I like the nickname C.C. for a girl...but I have no idea what two names (or one name) I could put together so that C.C. would make sense. I don't like the name Cecilia but that's all I can think of.

You guys are great with coming up w/ combinations....any suggestions?


----------



## emmylou92

Cadence
Candice
Cecilly
Clarice


----------



## Mickey1994

Charlotte Claire
Cadence Claire
Courtney Claire
Catherine Claire

Haha, I think Claire is a great middle name.


----------



## MamaGrl

My SIL name is Ciarra and people close to her call her cc


----------



## Maviyildiz

I also think Cecily is a much nicer version of Cecilia. 
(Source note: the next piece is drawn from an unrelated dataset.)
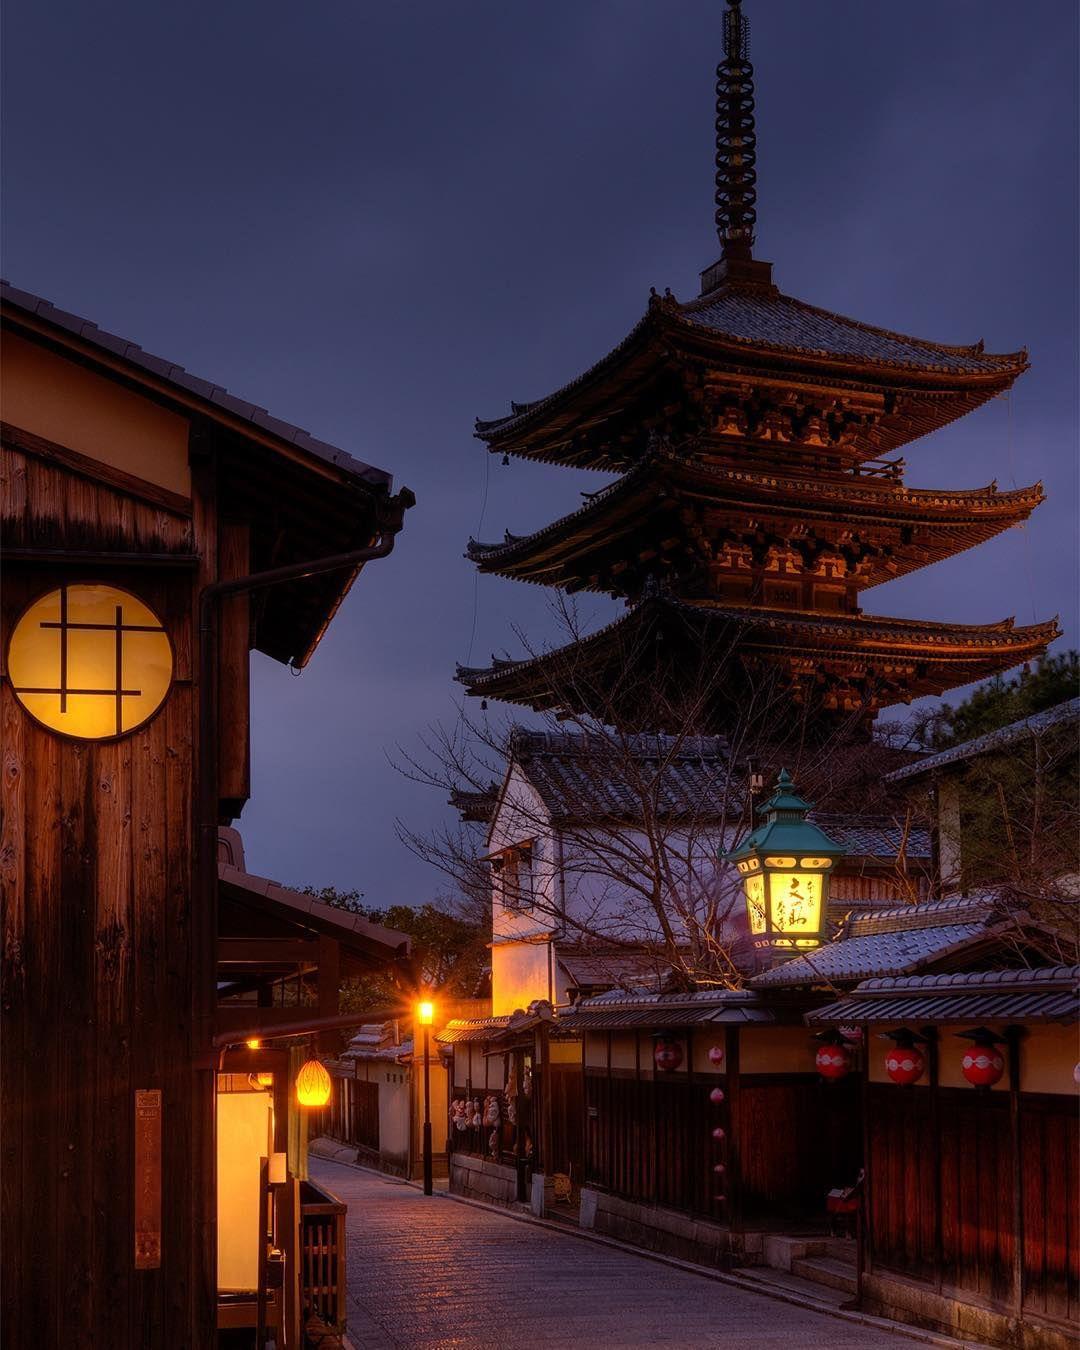 少ない 客 京都 観光 京都のコロナ感染者、なぜ少ない? 混み合う観光地、府民は避けた?考えられる理由は…|医療・コロナ|地域のニュース|京都新聞

I also like the Slovak version of the name Cilka.


----------



## mazndave

Cecelia, Cecille and Cecily were the first names that sprang to mind, shame you don't like Cecelia!! 

I think Claire is probably a good choice for a middle name, as it's quite simple and you could go for something more unusual for the first name. Cara/Cora would be nice for the same reason.

Cadence
Calleigh
Caitlyn
Carmel
Carmella
Callista
Camille
Chiara
Chloe
Claudia
Clea
Cleo
Cordelia
Cybel

xx


----------



## pandabub

I have a Sienna and she gets called 'Sisi' (pn. C.C). Love it as a nickname. :flower:


----------



## Mummy2B21

C C reminds me of Sissy lol.

Im sorry i cant think of any


----------



## bonjo808

pandabub said:


> I have a Sienna and she gets called 'Sisi' (pn. C.C). Love it as a nickname. :flower:

I was thinking of Sienna but wondered if that would be weird. I kind of like
Sienna Catherine?

and we do have DD who could eventually just end up calling this one Sisi?? (if its a girl)


----------



## feeble

Catlyn 

Catrina


----------



## CloverMouse

Cecilia


----------



## JustLurking

CeCe is commonly a nickname for Cecilia.


----------



## Lisa1981

Do you need 2 names? Couldn't you just use CeCe as her name?


----------



## ProudMummyy

Caitlyn
Carleigh 
Carmen 
Casey (same as Kacey) 
Chantelle 
Charley
Chelsea
Chloe

one's in pink I LOVE!

Good middle names are Claire & Charlotte


----------



## misshopefull

Clara :flower:


----------



## pandabub

Sienna Catherine is lovely.

We've not found it at all weird - perhaps only the spelling (I don't like writing 'Sisi' as it can be taken to mean 'Sissy' so I always clarify by saying 'pn CC' if I am talking to someone who doesn't know my daughter's name!)


----------



## joeybrooks

Cecelia


----------



## TTCBean

Candy Claire


----------



## Cordelia07

i have pondered over calling my little girl Chloe Cordelia so i could use CC as a nickname.


----------



## Lil_Apple

Clementine Cara :flower:


----------



## Enasy

Charlie-Cait
Cameron-Chloe
Ciara-Catherine


----------